Agale Shubhangi V, Bhavsar Shweta, Choudhury Barnik, Manohar Vidhya
Department of Pathology, Grant Medical College, Mumbai, Maharashtra, India.
Asian J Neurosurg. 2012 Apr;7(2):90-2. doi: 10.4103/1793-5482.98655.

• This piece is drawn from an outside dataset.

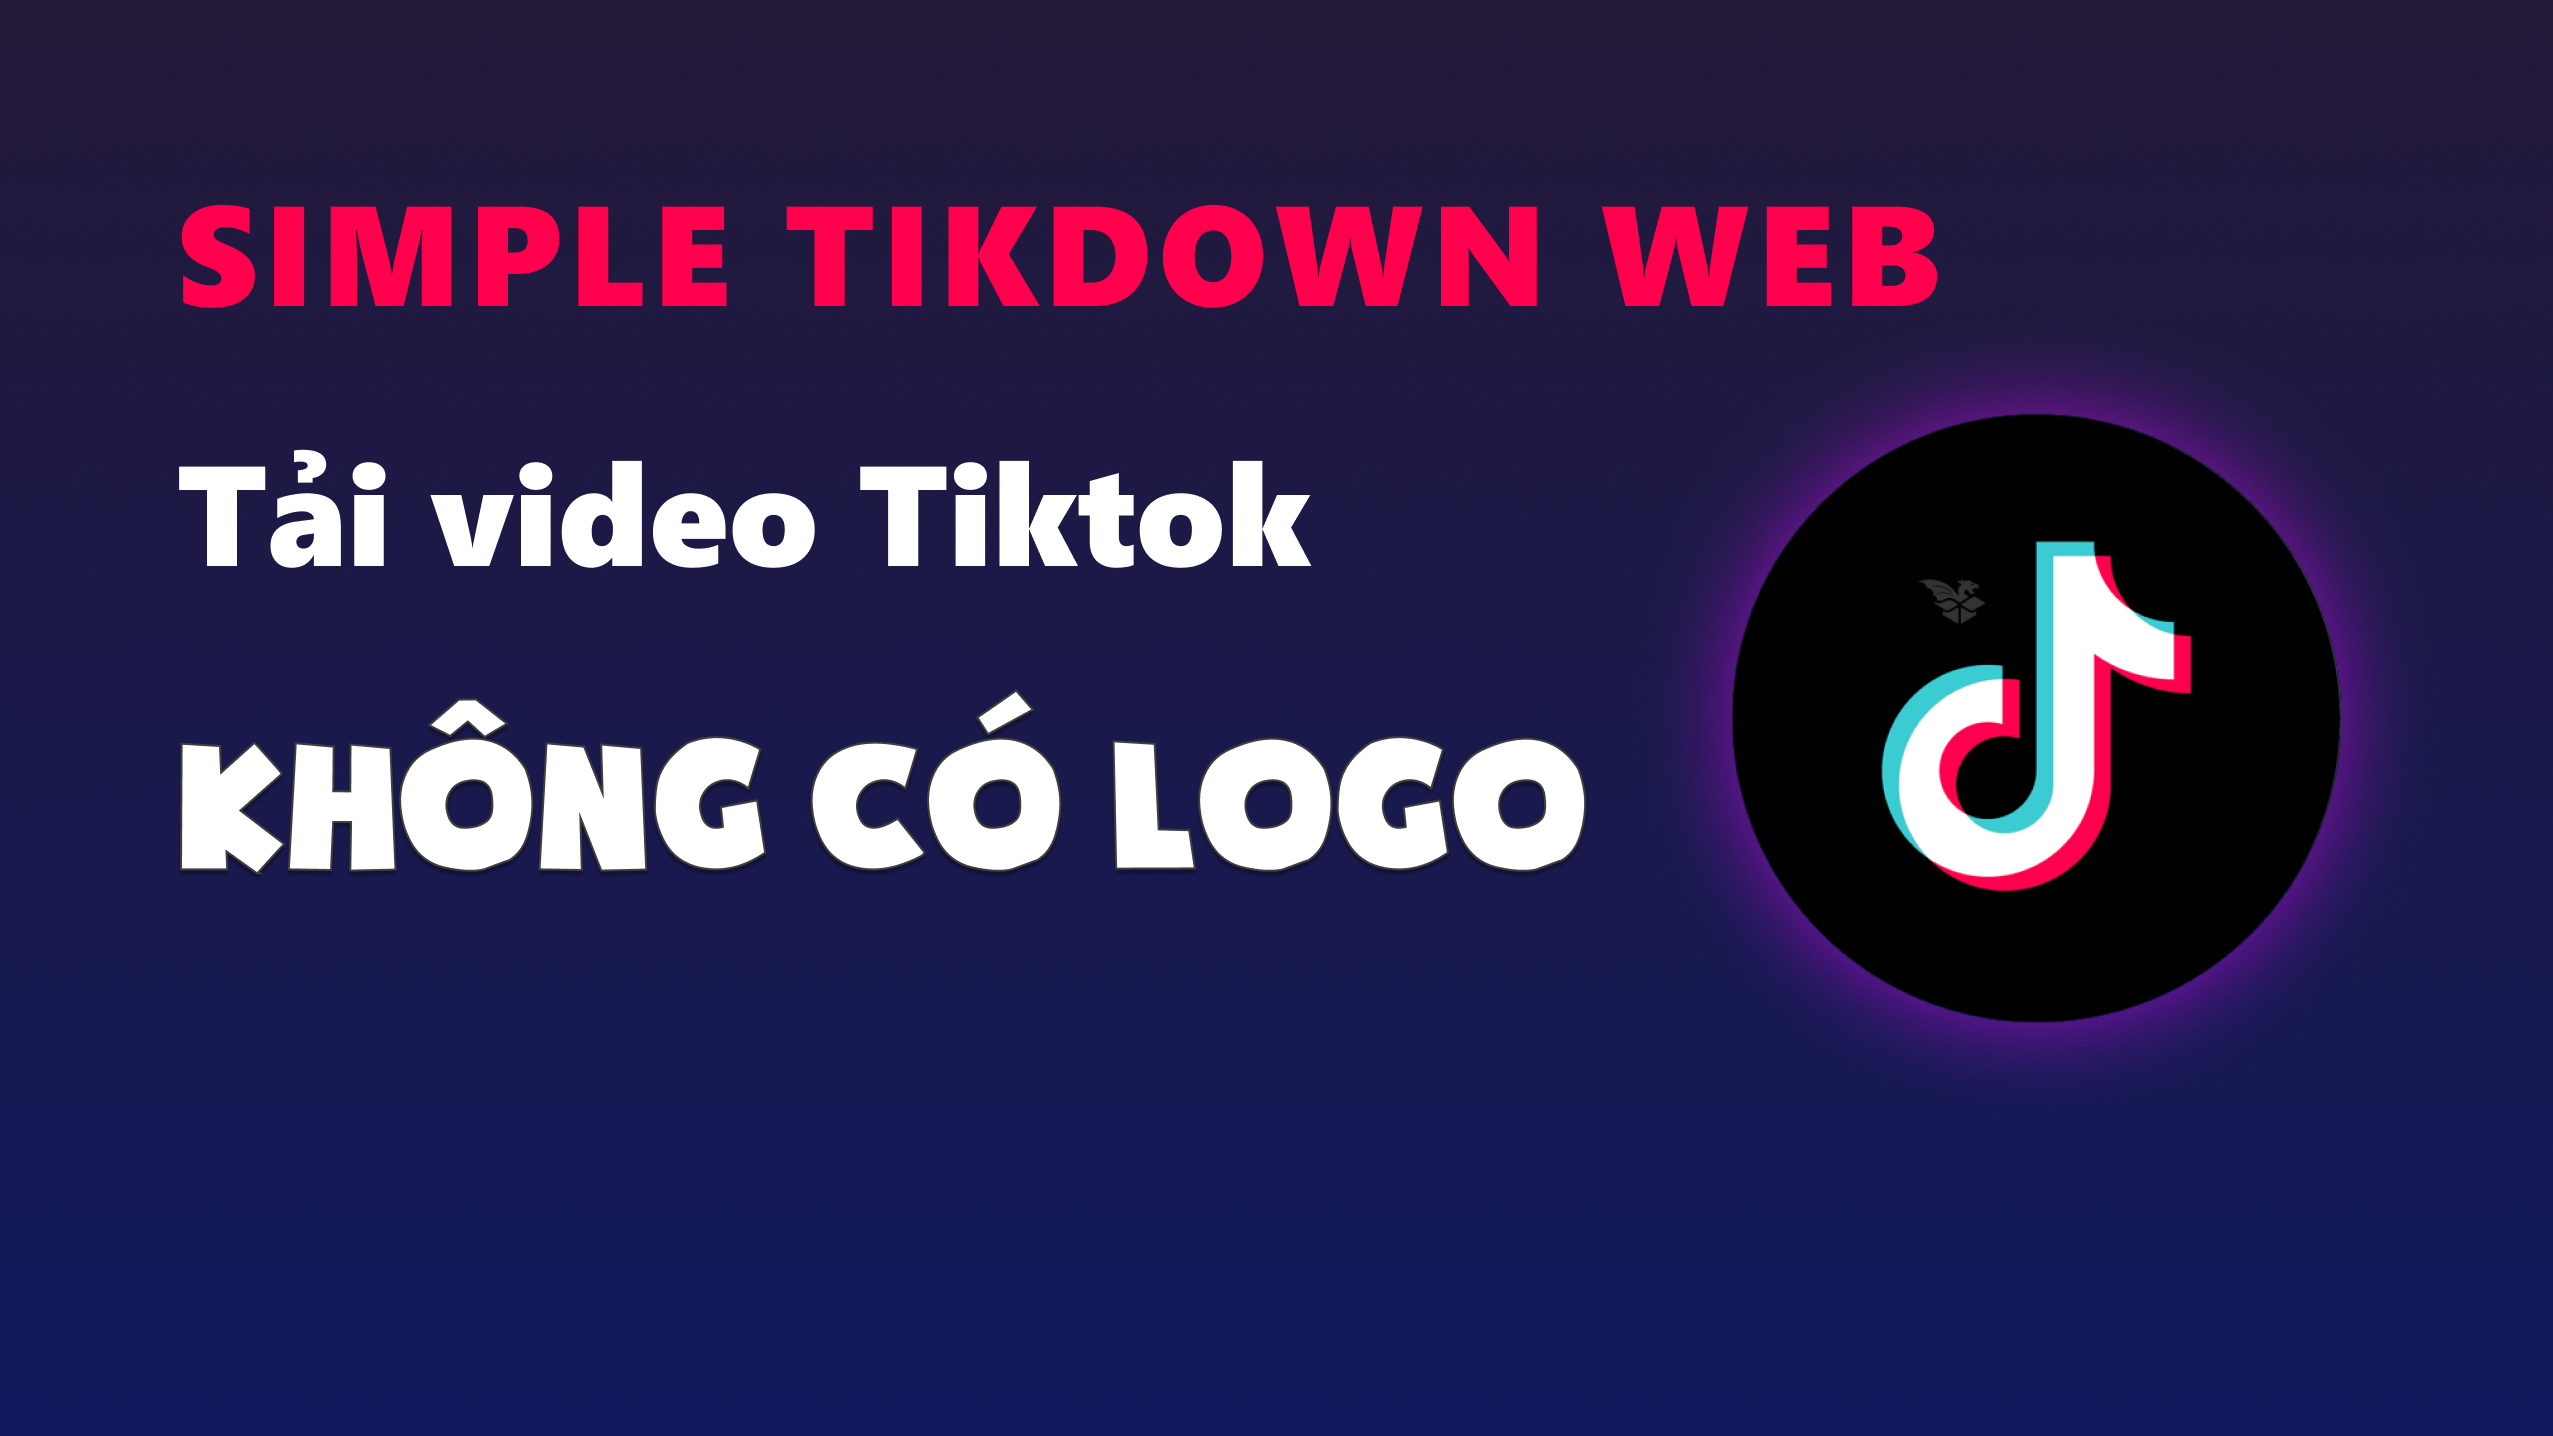 Simple Tikdown Web - Tải video Tiktok không có logo | ATP Software

We report a case of intradural, intramedullary, spinal cord neurocysticercosis at dorsal 10-11 (D10-11) level in a mentally retarded male. A 38-year-old, mentally retarded male presented with weakness and stiffness in both the lower limbs and waist since one year. Magnetic resonance imaging revealed a D10-D11 intradural space occupying lesion with cord compression. Intraoperatively, the tumor was grayish white, soft, cystic, and intramedullary with a well-defined plane with surrounding cord tissue. Gross examination revealed a cystic lesion of 1.5×1×0.8 cm, with a whitish nodule of 0.3 cm in diameter. The cyst wall was thin, shiny, and translucent. Microscopic examination revealed cysticercous cyst. Spinal neurocysticercosis should be considered in differential diagnosis of spinal mass lesion in patients residing in endemic area such as India.
我们报告一例患有脊髓神经囊尾蚴病的智力迟钝男性病例,病变位于胸10 - 11(D10 - 11)水平的硬膜内、髓内。一名38岁智力迟钝男性,自一年前起出现双下肢及腰部无力和僵硬症状。磁共振成像显示在D10 - D11水平有一个硬膜内占位性病变并压迫脊髓。手术中,肿瘤呈灰白色、质软、囊性,位于髓内,与周围脊髓组织界限清晰。大体检查发现一个1.5×1×0.8厘米的囊性病变,伴有一个直径0.3厘米的白色小结节。囊肿壁薄、有光泽且半透明。显微镜检查显示为囊尾蚴囊肿。对于居住在印度等流行地区的患者,在对脊髓肿块病变进行鉴别诊断时应考虑脊髓神经囊尾蚴病。